«Io indagato per la conferenza di Abu Dhabi»- Corriere.it


Il segretario di Italia viva lo rende noto nel suo ultimo libro «Controcorrente»

Ancora guai giudiziari per Matteo Renzi. Poche ore dopo l’annuncio dell’indagine della procura di Roma per finanziamento illecito, che lo vede coinvolto insieme al manager Lucio Presta, un’altra rivelazione: il leader di Italia Viva è indagato dalla procura di Firenze per emissione di fatture per operazioni inesistenti in relazione al compenso ricevuto per una conferenza ad Abu Dhabi. È lo stesso Renzi a darne notizia nel suo libro «Controcorrente». Secondo quanto riporta l’Ansa, l’ex premier sarebbe indagato in concorso con Carlo Torino, titolare di una società di Portici (Napoli), la Carlo Torino e associati, che avrebbe fatto da tramite per la ricezione del compenso.

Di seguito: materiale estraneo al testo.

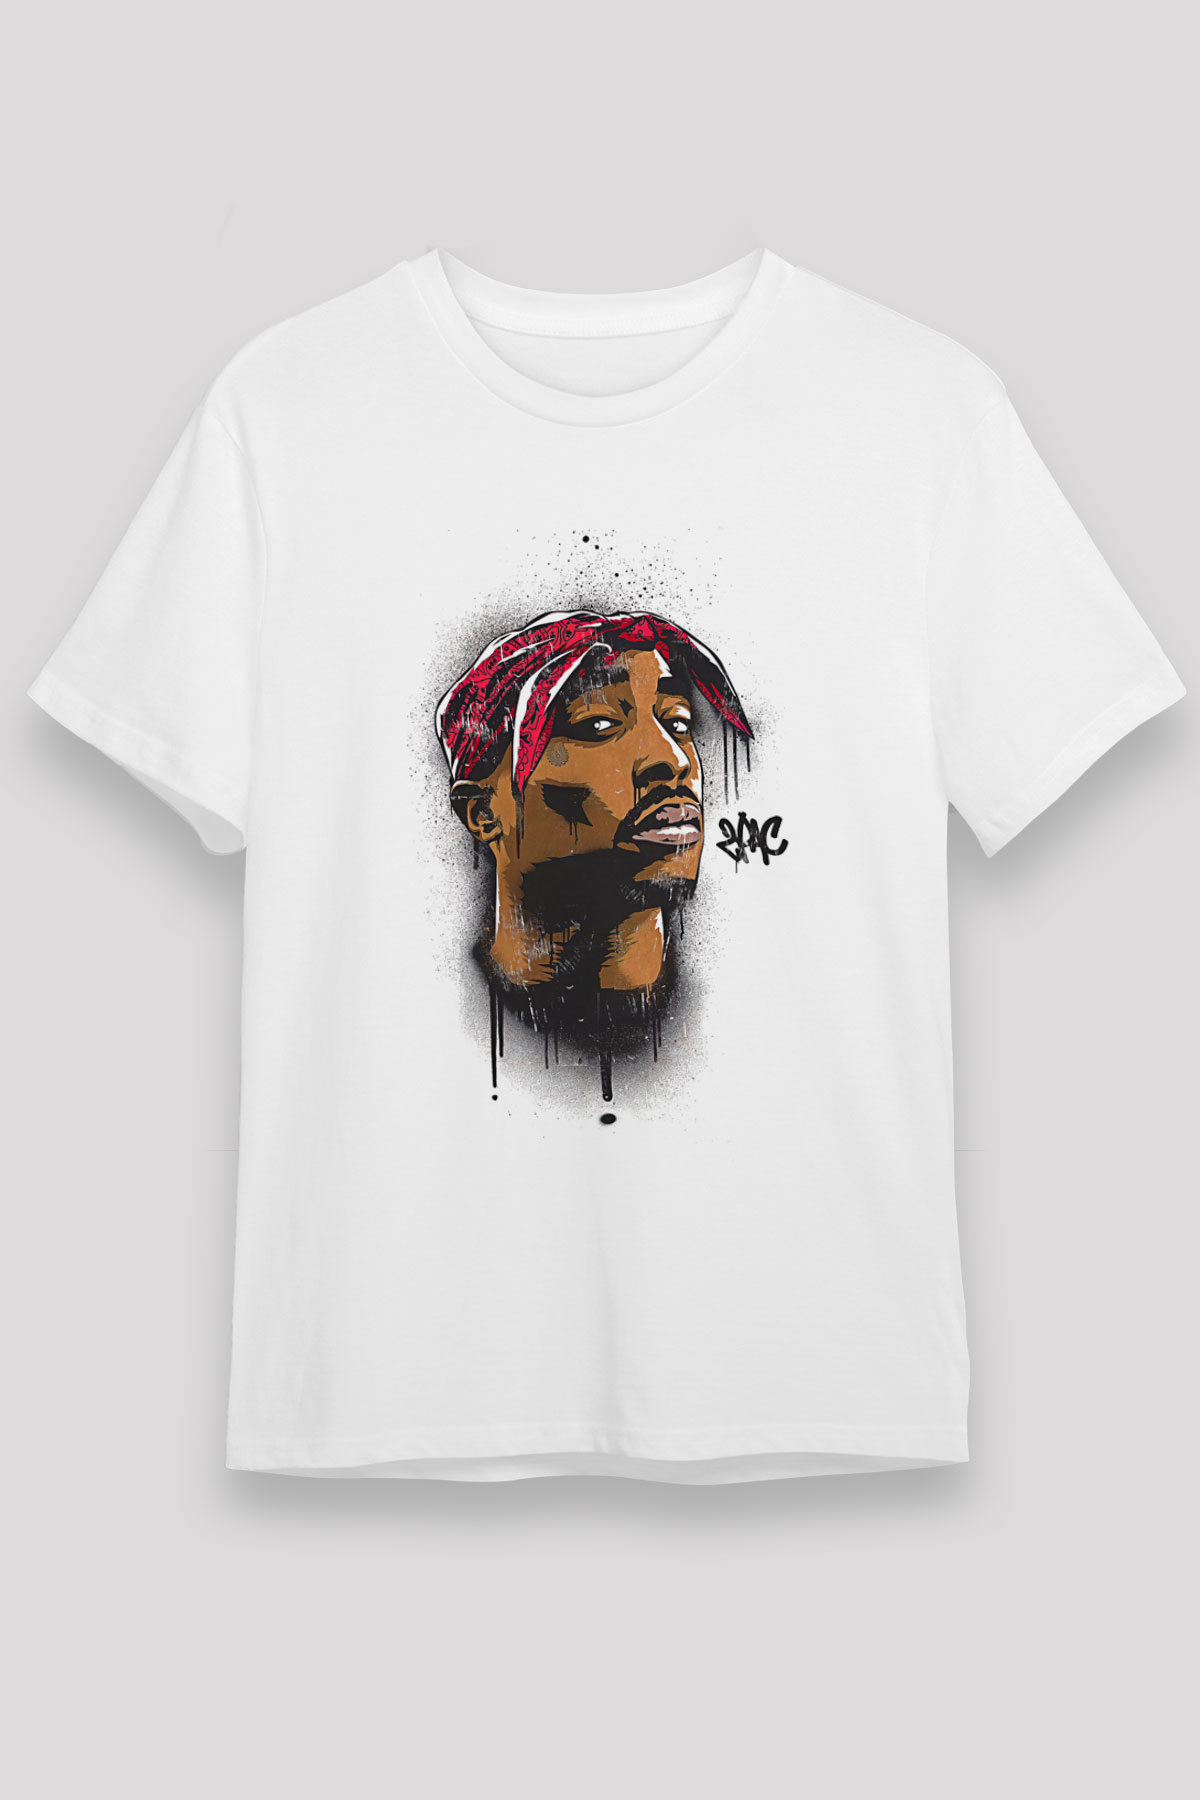 West Side Connection T shirt,Hip Hop,Rap Tshirt 04

L’inchiesta sarebbe nata a seguito di una segnalazione della Uif, l’Unità di prevenzione antiriciclaggio, che avrebbe indicato movimenti di denaro poco chiari sul conto corrente della società campana. E dalla procura di Firenze, e in particolare dall’inchiesta sulla Fondazione Open, sarebbero partiti poi gli accertamenti da cui è nata l’inchiesta della procura di Roma che vede indagati Renzi e Lucio Presta per finanziamento illecito . Al centro dell’inchiesta ci sarebbero 700 mila euro versati da Presta a Renzi tra il 2018 e il 2019, più della metà per la realizzazione del documentario tv «Firenze secondo me»: secondo gli inquirenti si tratterebbe di contributi indebiti, versati a un esponente politico sotto forma di rimborsi e operazioni in realtà inesistenti.